Total shoulder replacement surgery is considered a major surgical procedure. Serious medical risks associated with the surgery may include, and are not limited to, problems with anesthesia, heart attack, heart beat irregularities, and stroke. Blood loss can occur during or after the surgery which may require transfusions. In very rare situations, a person may die from complications related to the surgery. Other general medical risks related to this orthopedic procedure include, but are not limited to: blood clots; pulmonary embolism; infection; dislocation; fracture of bones around the shoulder; hematoma formation (a collection of blood) that can require surgical drainage; nerve injury; blood vessel injury; and numbness and scarring around the surgical incision. Shoulder stiffness can occur which limits expected motion and function. Pain may be incompletely relieved and shoulder replacement may not fully restore the function of the shoulder.


Conservative (non-surgical) measures may help control shoulder pain. These include the use of anti-inflammatory and/or pain medications, and appropriate therapy.

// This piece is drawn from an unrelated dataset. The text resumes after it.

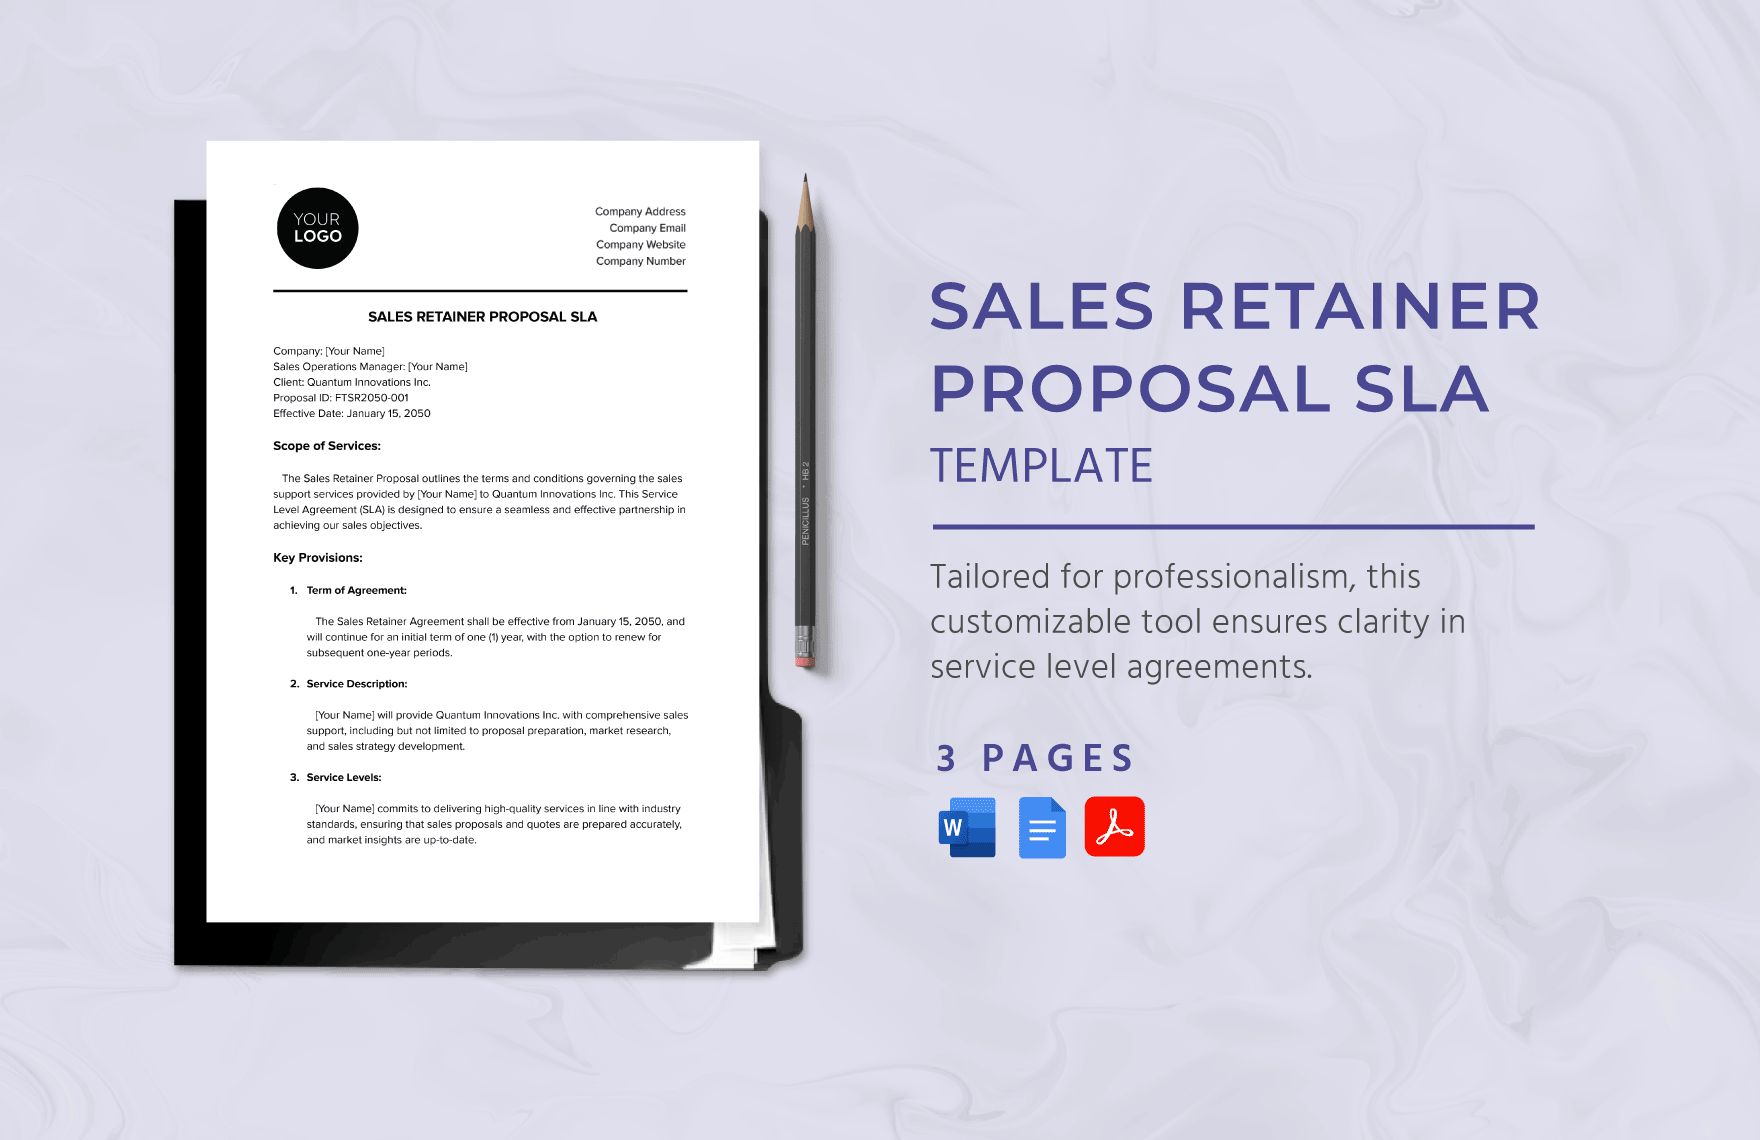 Sales Retainer Proposal SLA Template

Arthritis, itself, is not considered a life threatening illness. If the patient elects to not undergo treatment, then it is likely that shoulder pain will continue and both pain and disability may increase over time. If left unattended, the arthritic process may result in progressive damage to the joint, compromising surgery performed later.


Long term complications are possible after total shoulder replacement. Late loosening, wear, infection or progressive bone loss may occur and require re-operation. Close follow-up is necessary to monitor for changes around the joint replacement which could threaten the strength of the bone near the joint replacement. Regular follow-up (every one to two years) becomes more important as the joint replacement becomes older. The risk of problems related to wearing of the artificial joint surfaces increases over time.